構造 住宅の基礎を考える (1) -地質調査のみかた
近年では、住宅でも地質調査を求められることが多くなってきています。
その要因として
①地盤支持力の確認厳格化・・耐震性や木造3階建ての為、
②長期の地盤支持力に関する検証・・不等沈下、圧密、液状化
③施工に関しての信頼性の担保・・適正な基礎の選定
などが考えられます。では、昔はどうか?
大工さんや、職人任せで当然、地質の知識などはないので経験頼みでした。なかには鉄筋が入って無いものもありました。

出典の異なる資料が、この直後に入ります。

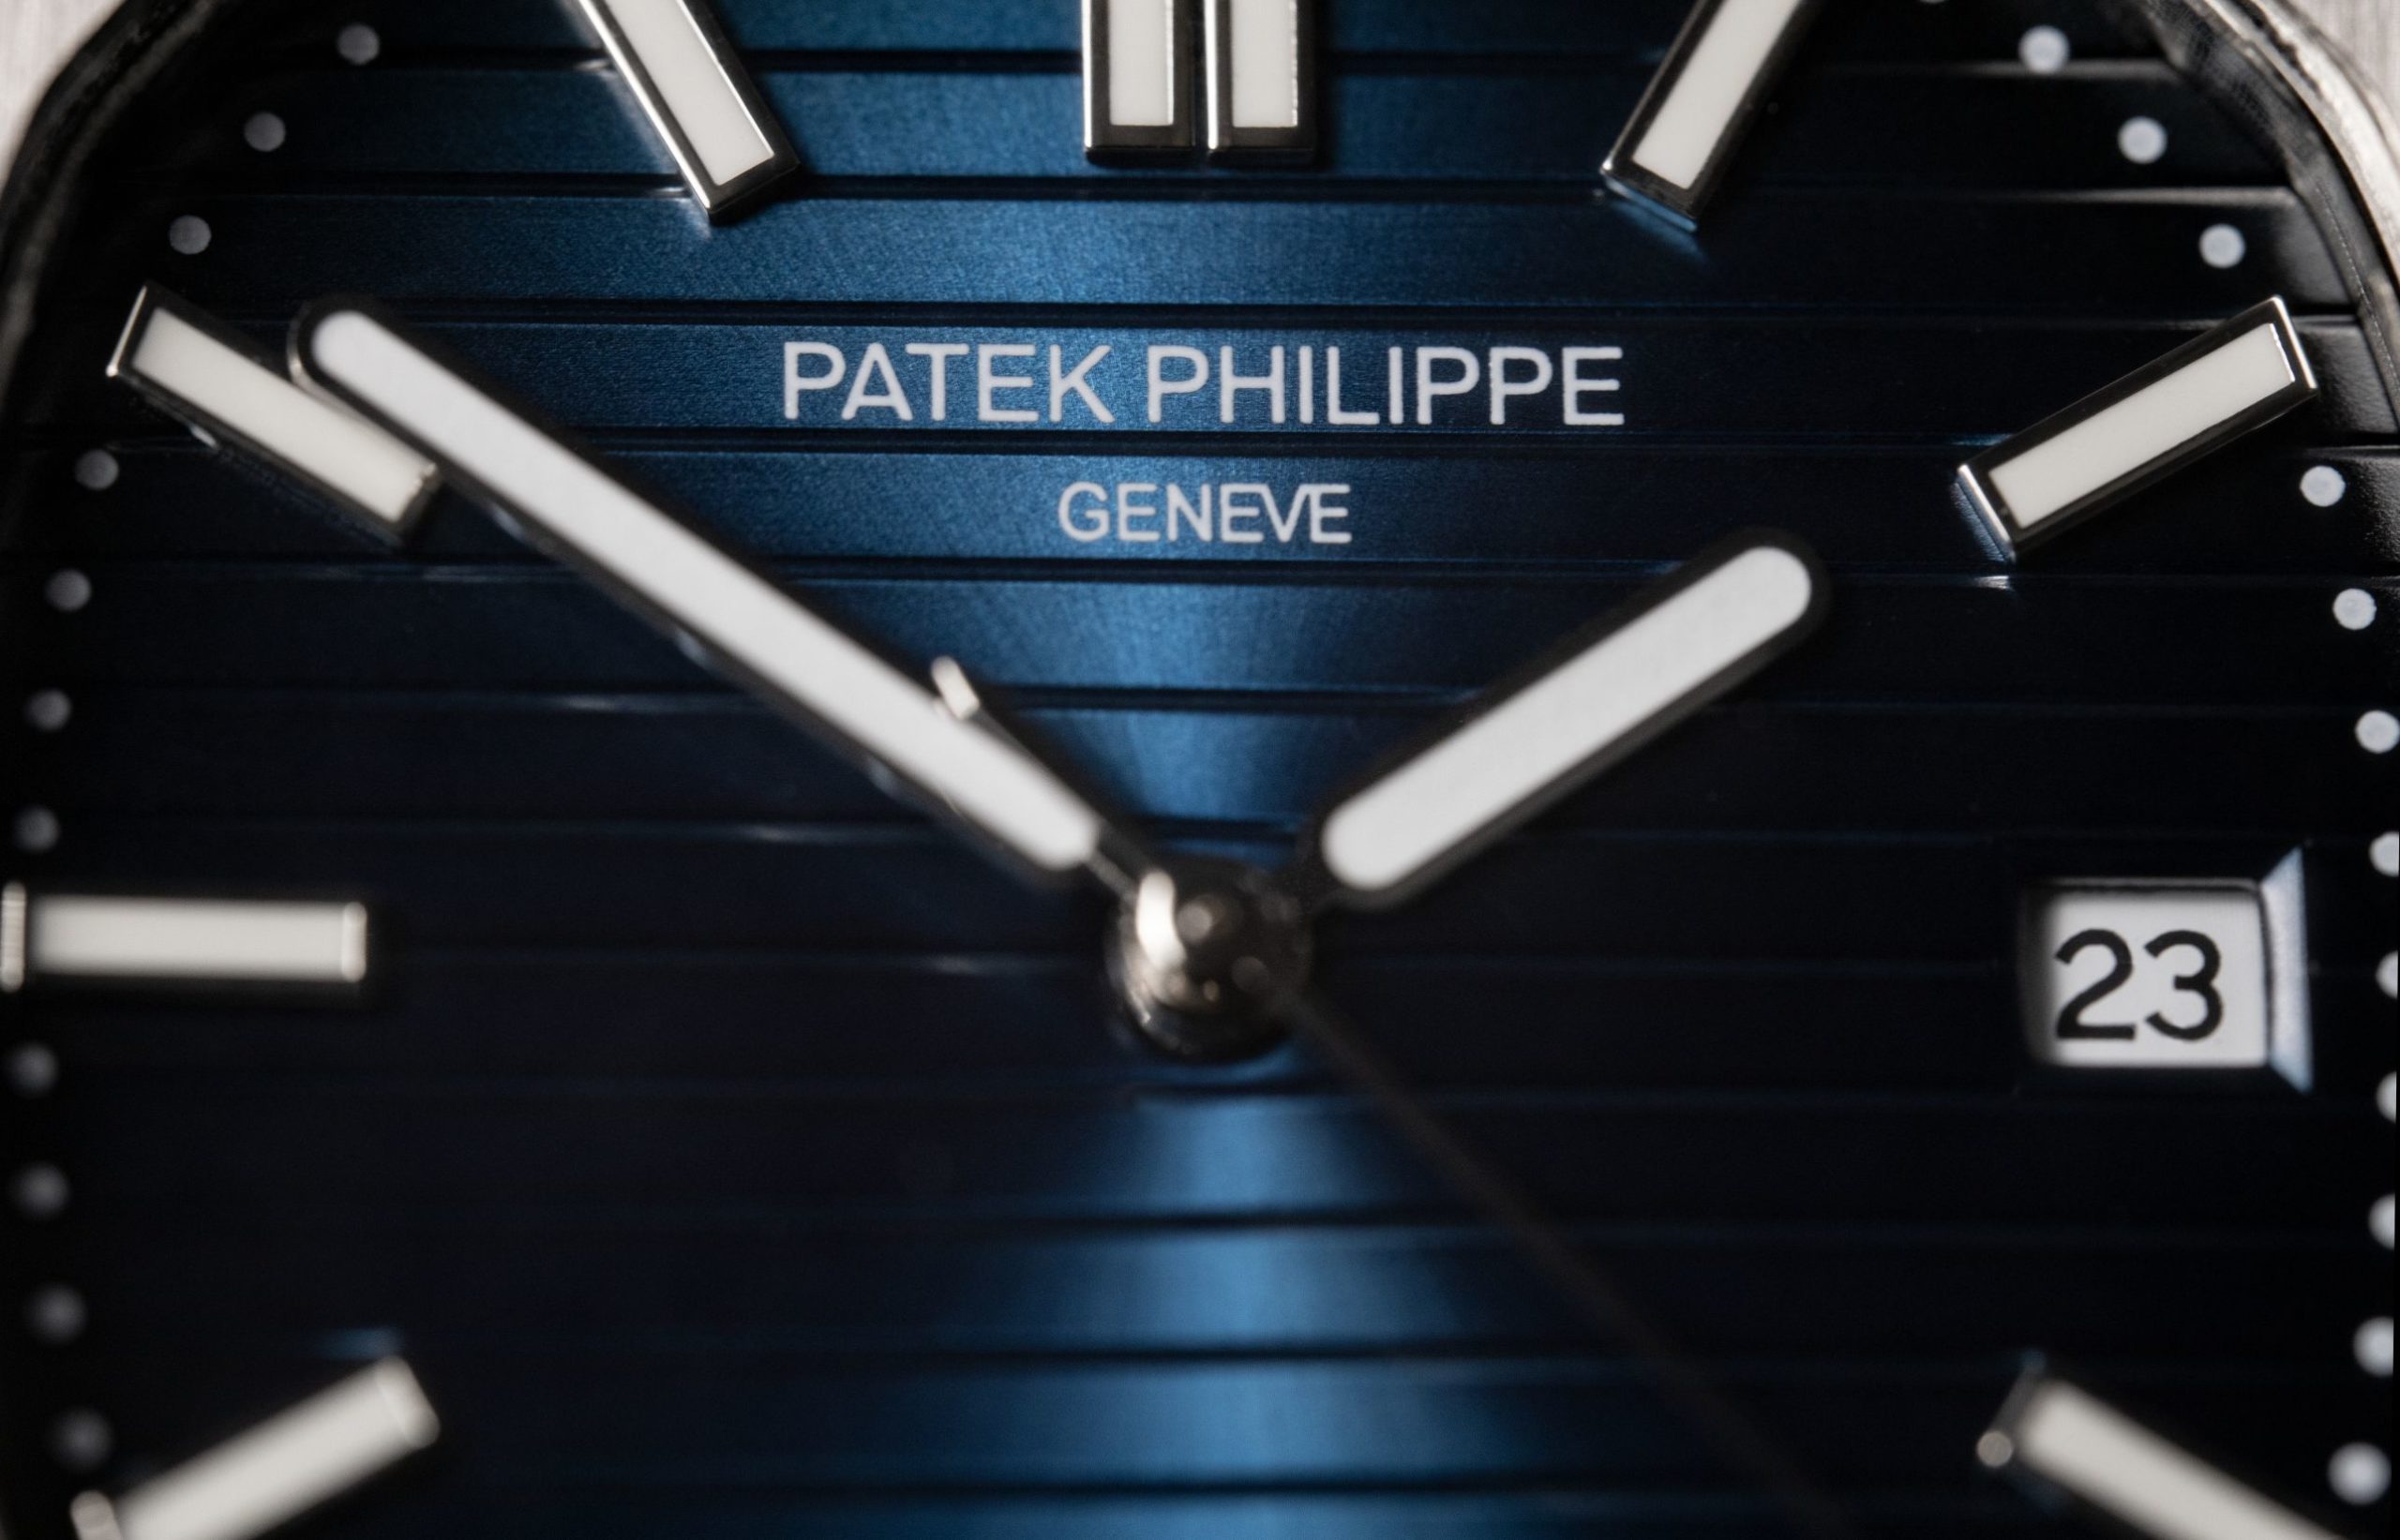 The Patek Philippe Nautilus 5711

それでは、適正な基礎の選定とは、地盤の支持力に応じて次のようにまとめられます
①支持力-大 布基礎 (通常の基礎で逆T型で基礎の幅は60cm程度)
② 〃 -中 ベタ基礎、布基礎+地盤改良(土にセメント粉をまぜて地表2mほど撹拌)
③ 〃 -小 ベタ基礎+地盤改良
④ 〃 -無し 杭+基礎(ビルの構造と同じ)
資料は、スウェーデン式サウンディング試験で主に住宅に用いられる簡易式の地盤調査です。
注目するのは、N値です。これは地盤の支持力を示すので、近年では世界でも用いられる指標です
目標とするN値は5程度ですが、深さ10mになります。
ただ、地盤改良では10mまで届かなしい。また、中間の地質が腐植土で腐食が進むと沈下が予想できる。加えて、地下水位が地表付近まであり、地盤はプリン状態で長期的には圧密性の沈下が懸念され、短期的には、地震による揺れが大きくなると想定されるます。
結果として、基礎は杭を採用することになります。
ただ、施主は、100万ほどの追加負担と、近所では地盤改良で済ましているので過剰な構造ではないかということで、なかなか了解して頂けませんでいたが、よく必要性説明して、コストも仕上げ見直して圧縮することで了承を得ました。